By Liz McMahan
Phoenix Staff Writer
May 25, 2008 10:42 pm
—
The sights and sounds of the late afternoon of May 26, 1973, are as vivid in Ponie McCrary’s and T. Speck Plunkett’s minds today as they were 35 years ago.
That was the day a tornado swept through Keefeton, killing five, injuring 14 others and forever changing the community’s landscape.
The event also sparked community leaders to form the Keefeton Volunteer Fire Department, said Fire Chief Plunkett. The storm seemingly popped out of nowhere, and there was no storm warning system in the community.
Today, there are 18 volunteer firefighters in the community and a siren to sound when storms approach, Plunkett said. He is applying for grants to put more sirens in the community. Until then, the volunteers fan out into the community, sounding sirens when weather is threatening.
Keefeton is an unincorporated area 9.5 miles south of Muskogee on U.S. 64.
The community no longer has a post office. At the time of the tornado, the former Keefeton school served as the community’s storm shelter. Today, it is a private residence.
Keefeton had three neighborhood stores before the tornado. Two of them were destroyed by the storm and never rebuilt. Some of the 10 houses destroyed were replaced.
But the memories will never dim, said McCrary, whose truck was smashed by debris falling around him and his father, the late Teasie McCrary.
“That’s something you never forget,” Ponie McCrary said. “You never get over that sound. It’s so loud and deafening. There’s nothing like it.”
For years after the tornado, McCrary, now 59, couldn’t sleep when the wind was blowing.
“Even if it was just blowing hard, I’d have to get up, and I couldn’t sleep,” he said.
Just as with the tornado at Picher on May 10, the Keefeton tornado struck late on a Saturday afternoon.

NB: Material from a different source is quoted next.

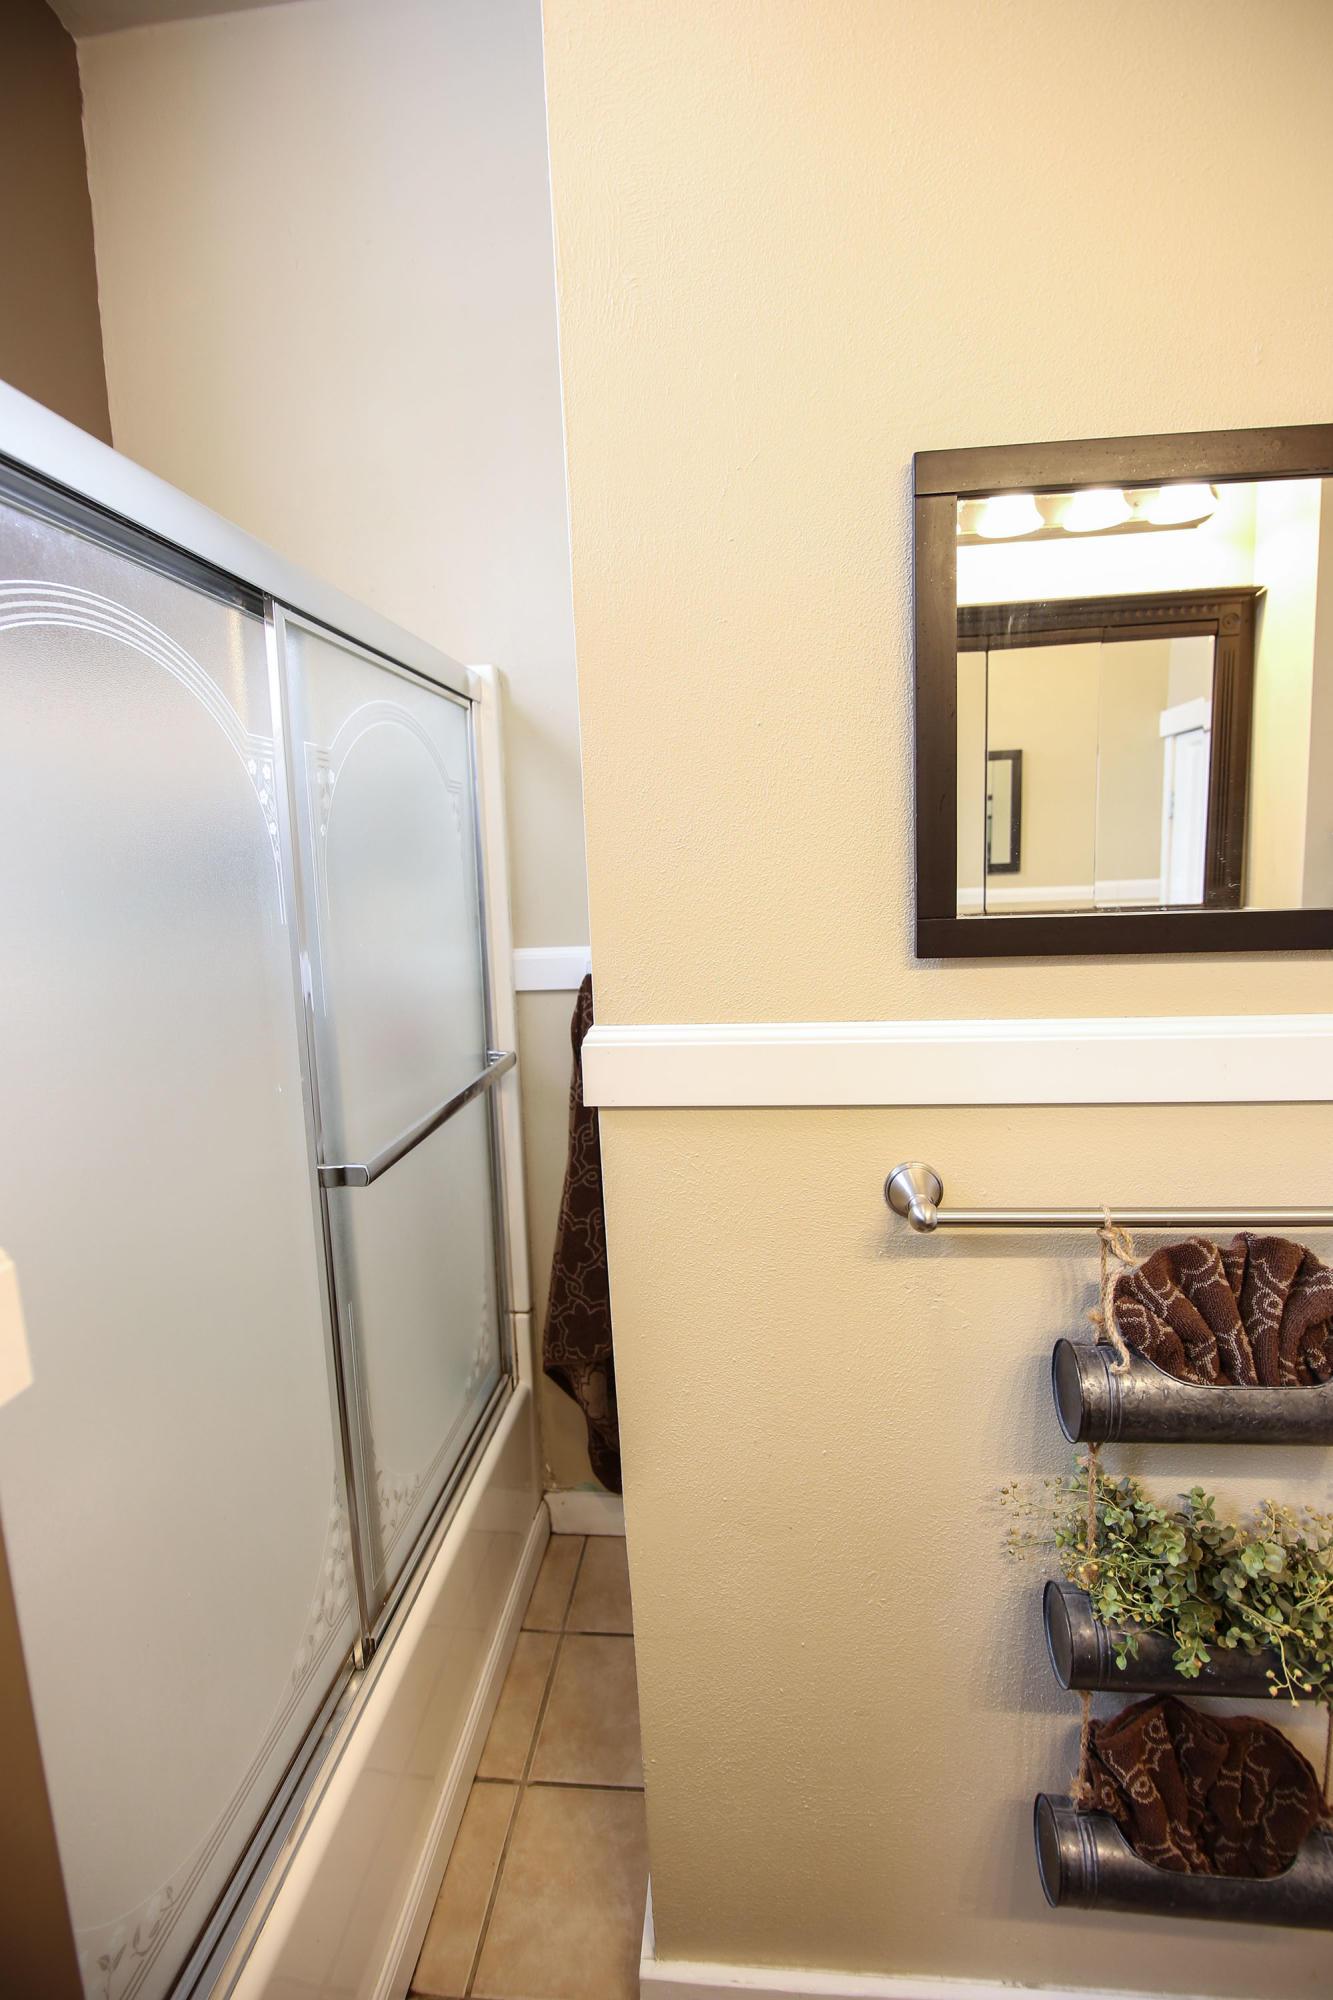 911 11th Street, Sheridan, Wyoming 82801, 4 Bedrooms Bedrooms, ,1.5 BathroomsBathrooms,Residential,For Sale,11th,19-42

The McCrarys were on their way home from Muskogee that Saturday afternoon when they stopped by Otus and Anna Evans’ store to pick up some bacon the older McCrary had ordered. Teasie McCrary and Anna Evans were brother and sister.

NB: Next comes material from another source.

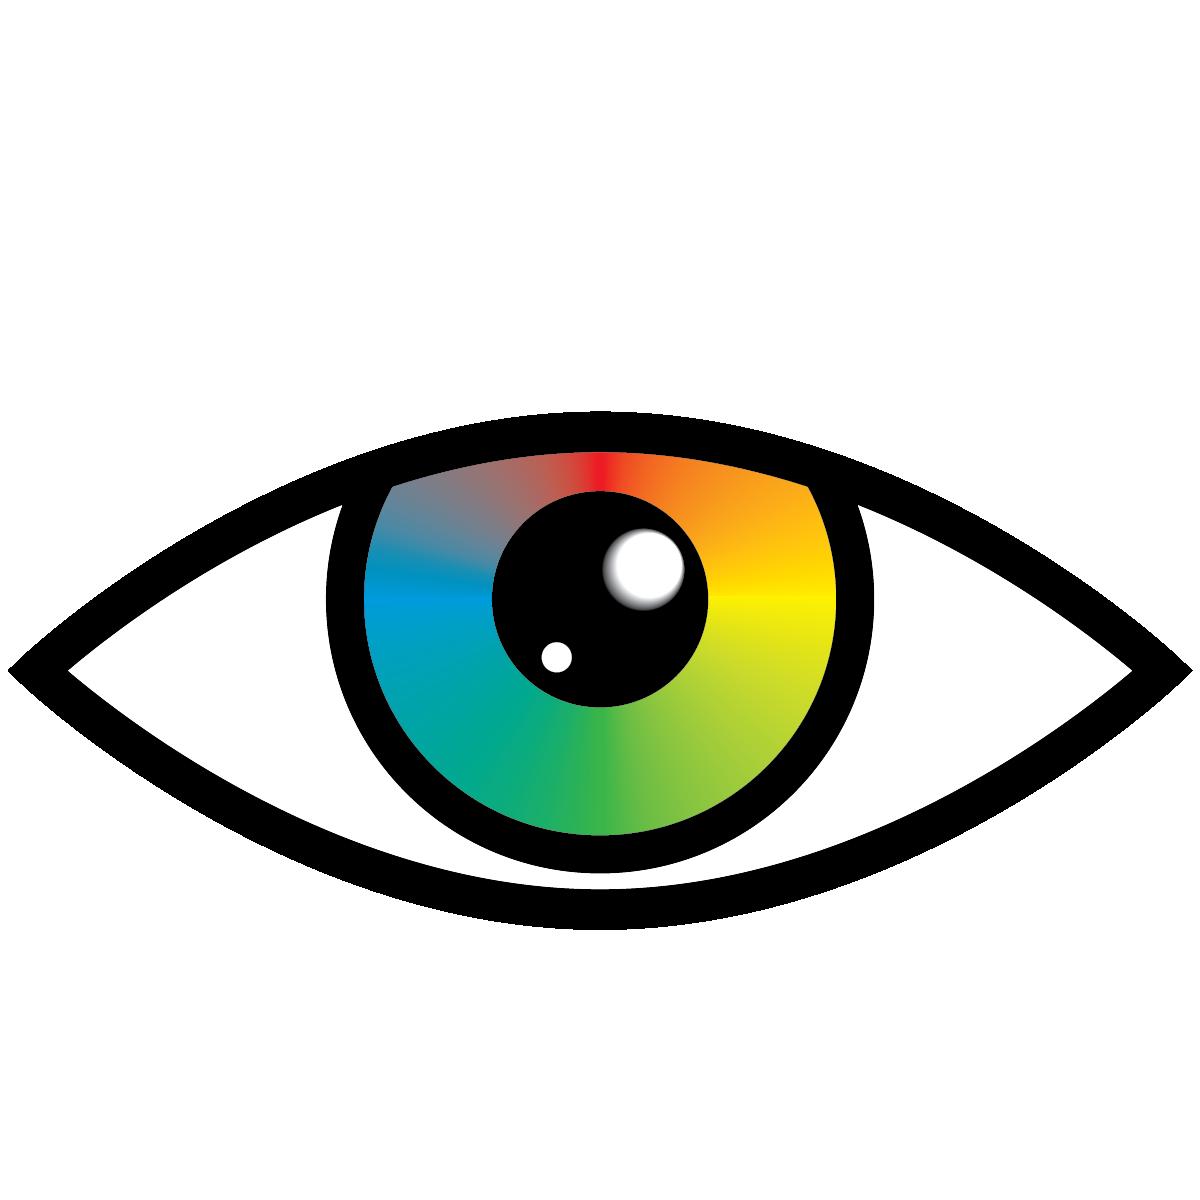 Eye clipart #9, Download drawings

“They were just visiting and going on,” McCrary said. “There was one other customer in there, a Mr. Hyslope. It was kind of blowing outside, and my uncle said, ‘I think it’s going to storm.’ We looked out a side window there in that old store and there was a roof off a metal building. It looked like it was rolling on its side, rolling out toward the highway.
He and his dad got into Ponie McCrary’s 6-month-old El Camino with the intention of getting out of harm’s way. They pulled the truck up to an old concrete block building next to the store “and that thing hit,” he said.
“The next thing I saw was (my cousin’s) ... stock trailer. It took off in front of us and twirled back around and the whole building caved in on us,” McCrary said.
He and his dad had bent down in the truck and could hear the glass being sucked out of the building and debris blasting through the air.
“If it hadn’t been for that building falling over on top of us, we would’ve been blown away,” he said.
“It didn’t last probably 10 or 15 seconds, and as soon as that was over it rained for probably another 10 or 15 seconds just about as hard as you can imagine,” McCrary said. “It just poured. And then it just stopped.”
“When we got up, we were kind of bumfuzzled, and we looked around and there was nothing there,” McCrary said.
The Evans’ two-story home, which was attached to the store, was gone, McCrary said.
“You could hear people screaming,” he said. “My cousin had some horses out there, and you could tell they were all hurt. Some of them were getting up and laying down and getting up and they had to be destroyed of course. It was pretty bad.”
Plunkett had just turned 16 a few months before the tornado hit and remembers he was pulling out of Vida’s Store, which is operated as Dick Scott’s store today.
He saw a really black cloud in the west and by chance turned on the dirt road instead of heading toward “town,” he said.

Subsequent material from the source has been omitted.